Residence at Down (September 14, 1842) to the Present Time (1876) | The Autobiography of Charles Darwin

After several fruitless searches in Surrey and elsewhere, we found this house and purchased it. I was pleased with the diversified appearance of vegetation proper to a chalk district, and so unlike what I had been accustomed to in the Midland counties; and still more pleased with the extreme quietness and rusticity of the place. It is not, however, quite so retired a place as a writer in a German periodical makes it, who says that my house can be approached only by a mule-track! Our fixing ourselves here has answered admirably in one way, which we did not anticipate, namely, by being very convenient for frequent visits from our children.

Few persons can have lived a more retired life than we have done. Besides short visits to the houses of relations, and occasionally to the seaside or elsewhere, we have gone nowhere. During the first part of our residence we went a little into society, and received a few friends here; but my health almost always suffered from the excitement, violent shivering and vomiting attacks being thus brought on. I have therefore been compelled for many years to give up all dinner-parties; and this has been somewhat of a deprivation to me, as such parties always put me into high spirits.

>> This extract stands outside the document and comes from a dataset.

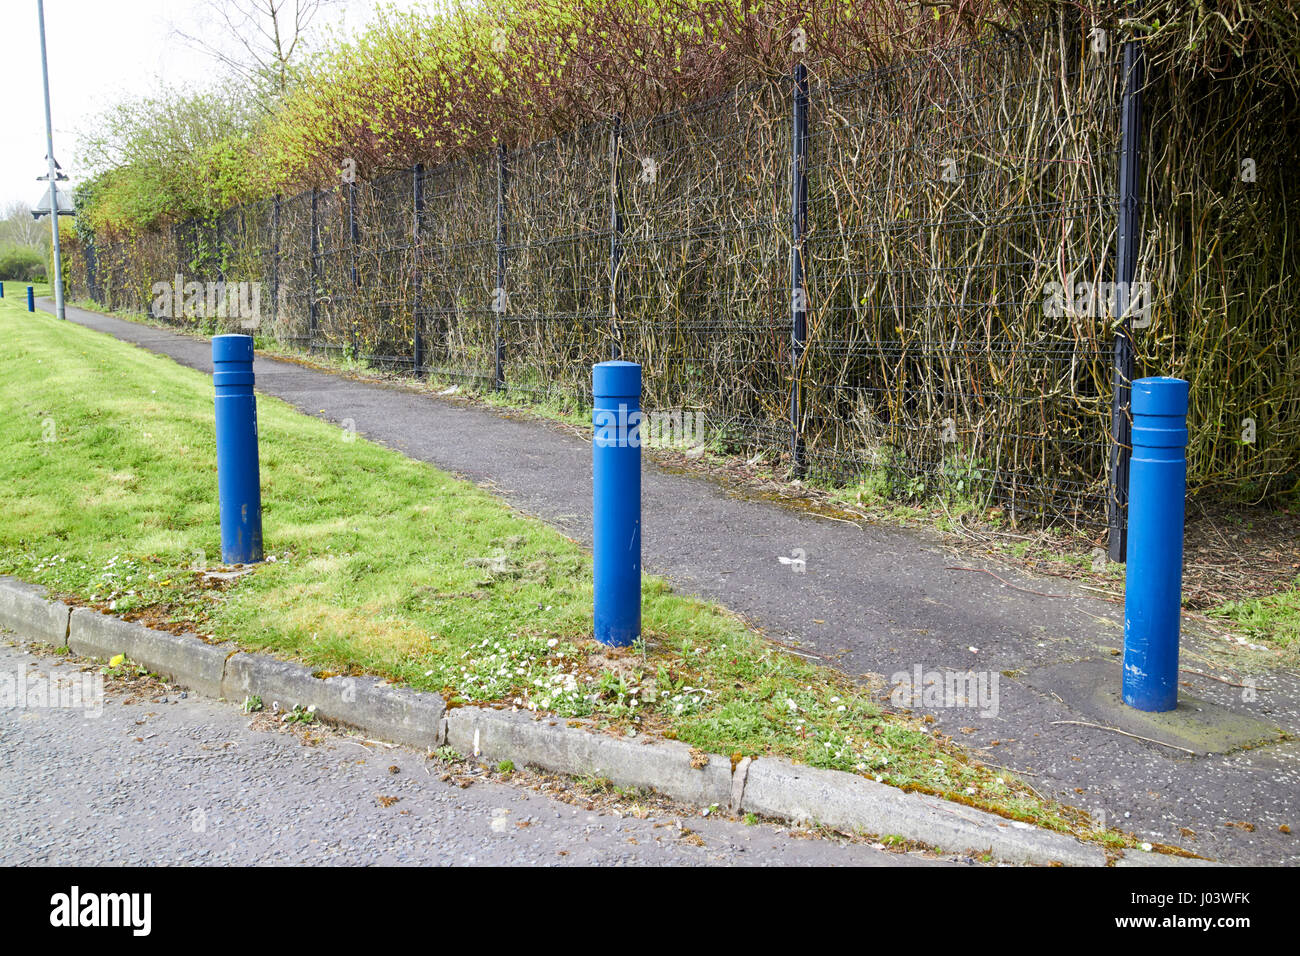 security bollards and grass earth berm protecting footpath in secure commercial area Newtownabbey UK these installations were common designs in the tr Stock Photo

From the same cause I have been able to invite here very few scientific acquaintances.

My chief enjoyment and sole employment throughout life has been scientific work; and the excitement from such work makes me for the time forget, or drives quite away, my daily discomfort. I have therefore nothing to record during the rest of my life, except the publication of my several books. Perhaps a few details how they arose may be worth giving.